Я вспомнил, что вот так же говорил о господах извозчик Петр, который зарезался, и мне было очень неприятно, что мысли Осипа совпадают с мыслями того злого старика.
Осип потрогал ногой мою ногу, продолжая:
– Книжки и всякие сочинения надо понимать! Зря никто ничего не делает, это одна видимость, будто зря И книжки не зря пишутся, – а чтобы голову мутить. Все творится с умом, без ума – ни топором тяпать, ни ковырять лапоть…
Говорил он долго, ложился и снова вскакивал, разбрасывая тихонько свои складные прибаутки,» во тьме и тишине.
– Говорится: господа мужику чужие люди. И это – неверно. Мы – тех же господ, только – самый испод; конешно, барин учится по книжкам, а я – по шишкам, да у барина белее задница – тут и вся разница. Не-ет, парни, пора миру жить по-новому, сочинения-то надобно бросить, оставить! Пускай каждый спросит себя: я – кто? Человек. А он кто? Опять человек. Что же теперь: али бог с него на семишник лишнего требует? Не-ет, в податях мы оба пред богом равны…

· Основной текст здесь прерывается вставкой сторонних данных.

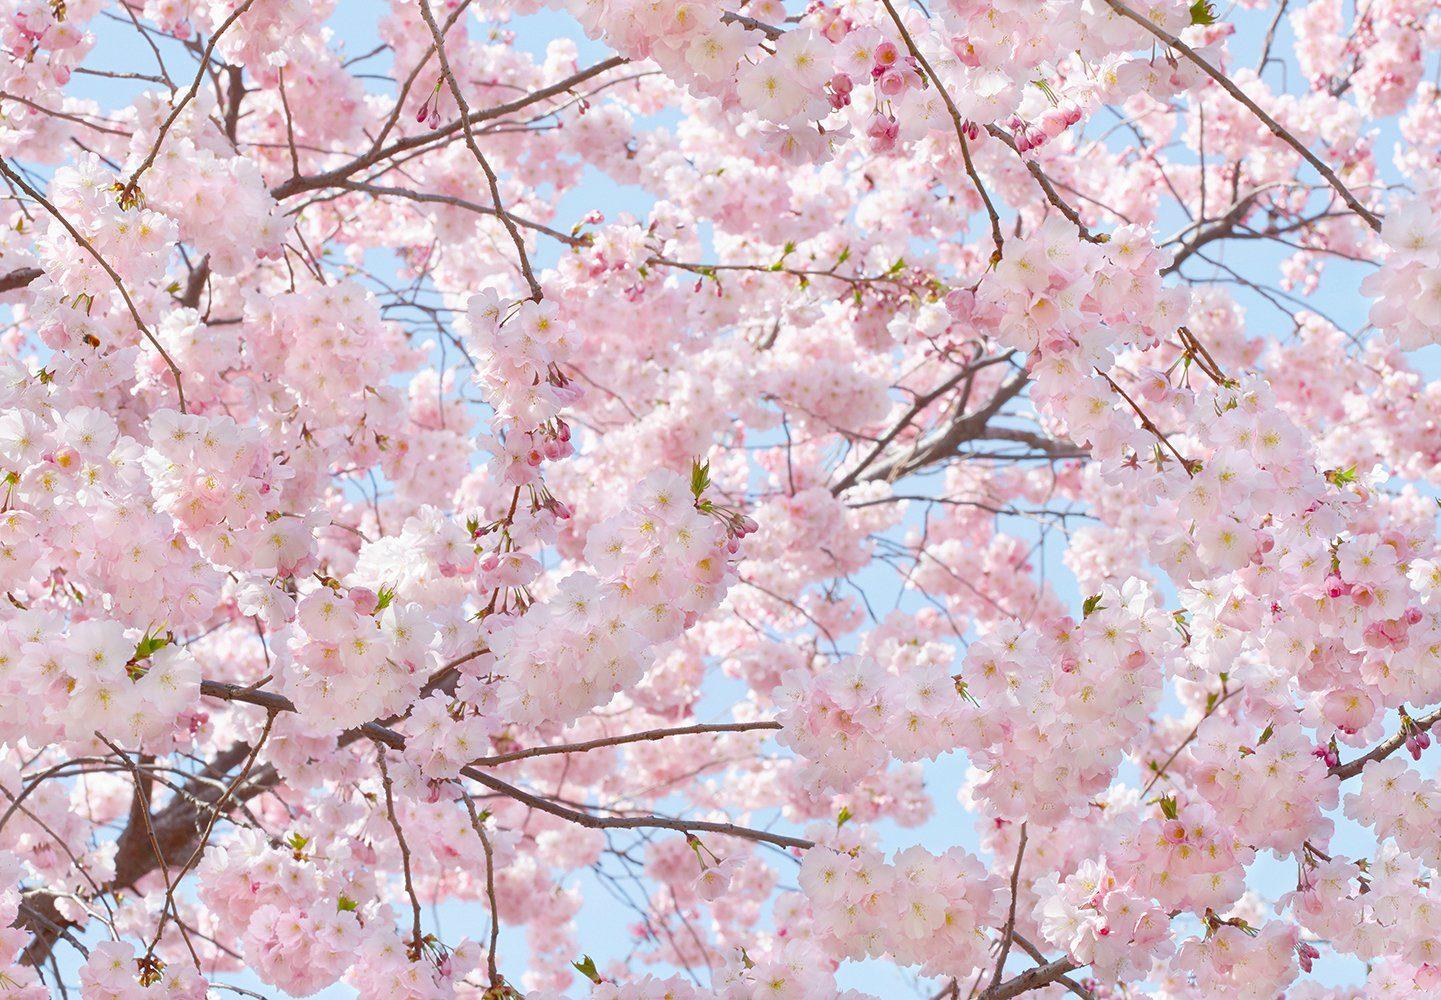 Fototapete »Pink Blossoms«, 8-teilig, 366x254 cm

Наконец под утро, когда рассвет погасил все звезды, Осип сказал мне:
– Видал, как я сочинять могу? Вот чего наговорил – чего и не думал никогда! Вы, ребята, не давайте мне веры, это я больше от бессонницы, чем всурьез. Лежишь-лежишь да и придумаешь чего-нибудь для забавы: во время оно жила-была ворона, летала с поля до горы, от межи до межи, дожила до своей поры, господь ее накажи: издохла ворона и засохла! Какой тут смысел? Нету никакого смысла… Нуте-ко – поспим: скоро вставать пора…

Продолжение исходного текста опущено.